Regarding ? and app, I added and dropped them from Algebraic Racket's pattern syntax once or twice. Injecting run-time logic into otherwise static patterns makes them harder to read and reason about. I found moving these concerns into #:if and #:with directives outside the pattern gave simpler match expressions overall---destructure first, then analyze.

AlexKnauth commented 5 years ago

@dedbox

Re: 1

What do you mean by "look like actual data" vs "look like expressions that would produce the data"? I believe that the patterns should look like expressions.

Most programmers' experience with structured data comes from two things: (1) writing it down as expressions that would produce the data, and (2) seeing printouts of data from println or error.

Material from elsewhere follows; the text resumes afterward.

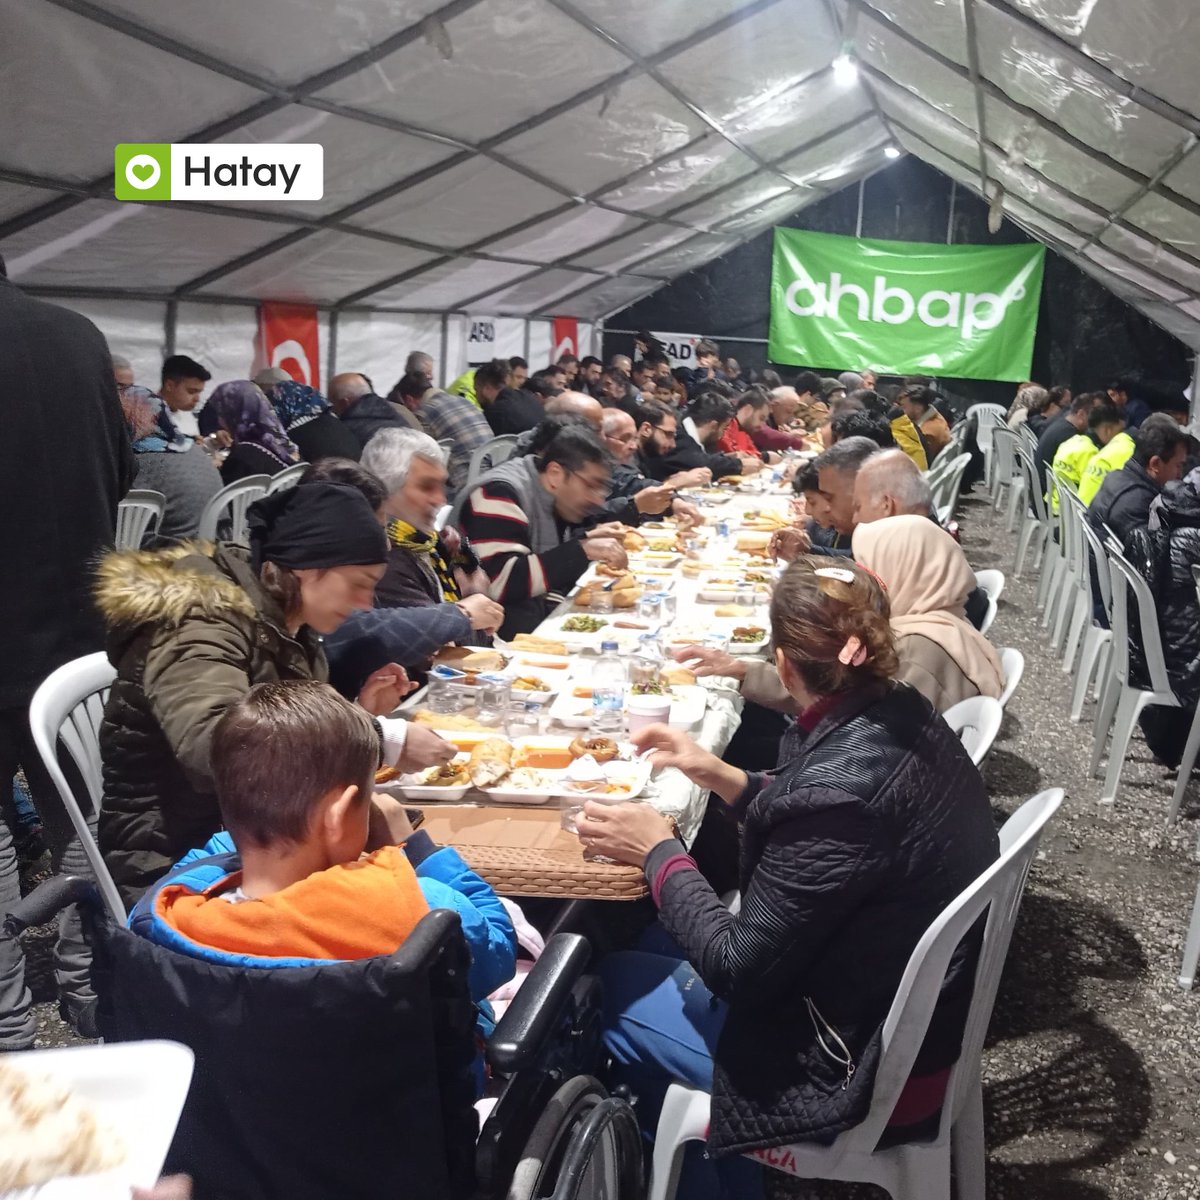 Hatay'da, Ramazan ayı süresince her akşam MKÜ Kampüs girişindeki çadırımızda 500 kişilik iftar yemeği sunmaktan mutluluk duyuyoruz. 💚
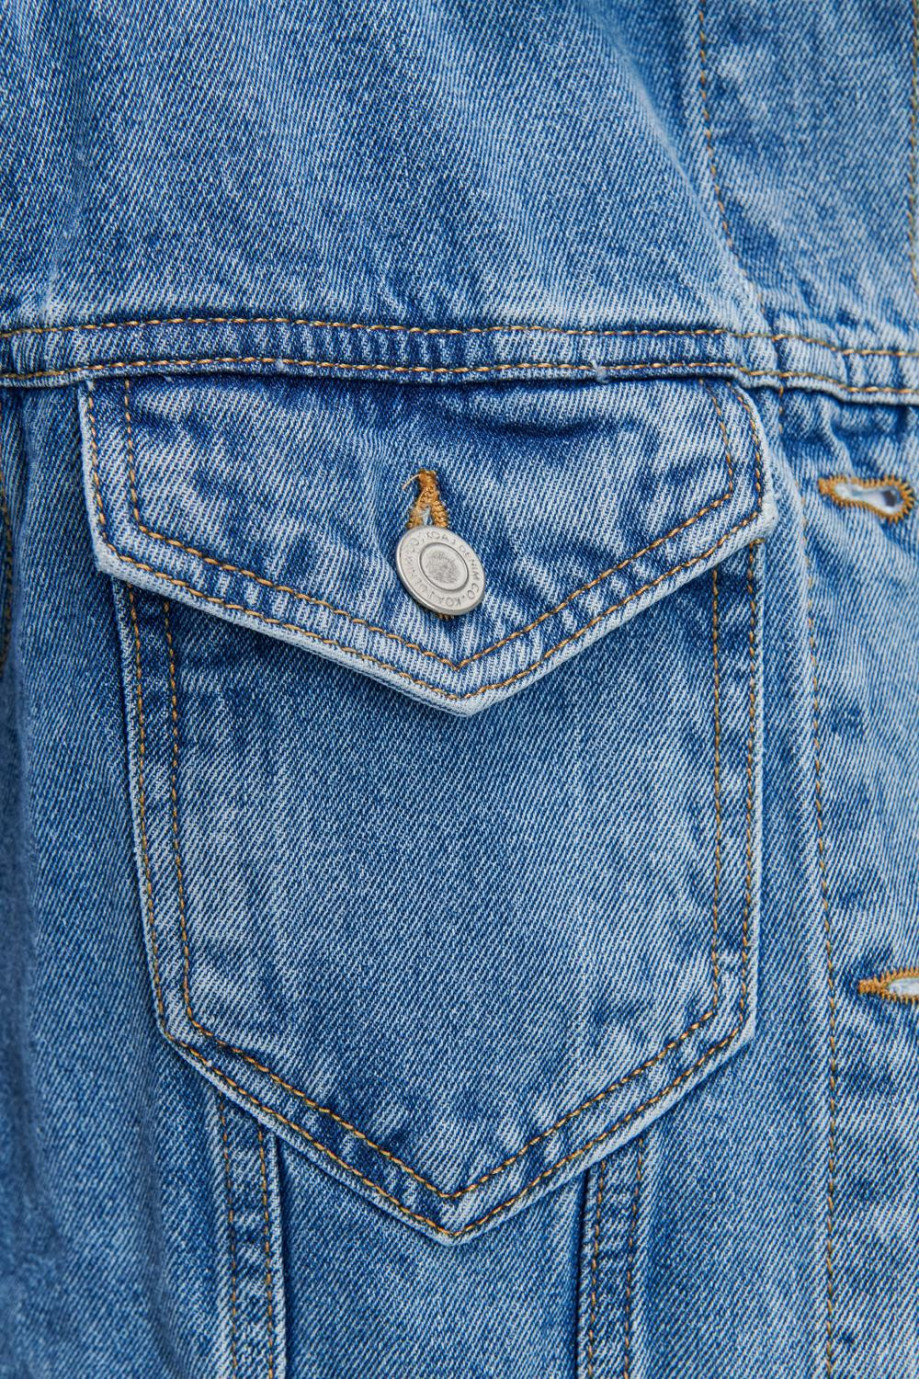 Chaqueta de jean oversize azul clara con bolsillos funcionales

Currently in Racket, (1) and (2) match up, because (println v) very often produces text such that (eval (read)) of that text would produce v again. And I believe this is natural because even beginners who don't understand the relationships of quote and eval, can easily put a printout of a value into a REPL and play with it. Within the acronym of REPL as Read-Eval-Print-Loop, "RE" combined is mostly a left-inverse of "P", and that helps beginners immensely.

I believe it should be the same with patterns. Even a beginner who doesn't understand quote and eval should be able to take either (1) an expression using the fundamental constructors or (2) a println output of a value, and put it as a pattern inside of a match.

Re: 3

Of course.

Re: 4

If we keep the pattern syntax "constructor-style" / "expression-style" as I talk about in (Re: 1), this will be non-ambiguous, as long as the constructors are always identifiers with compile-time information such as match-transformers.

Re: 5

The basic operations for constructing and destructing syntax objects are not restricted in that way, and syntax-parse can be used as a perfectly good pattern-matching library at runtime. As far as I know, there is no danger of syntax-parse producing an operation that isn't valid at runtime.

Re: 6

This point is not about app and ?, it is about any patterns that might contain expressions. So I can re-make my point using ==. The pattern (== expr) evaluates expr to a value and matches only values that are equal to that value.

(match (list 7 8 9)
  [(list x (== (+ x 1)) (== (+ x 2))) x]) ;=> 7

The x pattern variable defined in the first-element pattern would be available in the expressions within the later patterns. And this shouldn't only be for ==. It should be available for all patterns that use expressions within them, to give the programmer more power to express what constraints they might want the values to have. Even if those constraints subtly depend on the values previously seen in the data.

rocketnia commented 5 years ago

Re: 1

@dedbox: * (x . xs) An unquoted pair that matches any pair and binds the car to variable x and the cdr to variable xs.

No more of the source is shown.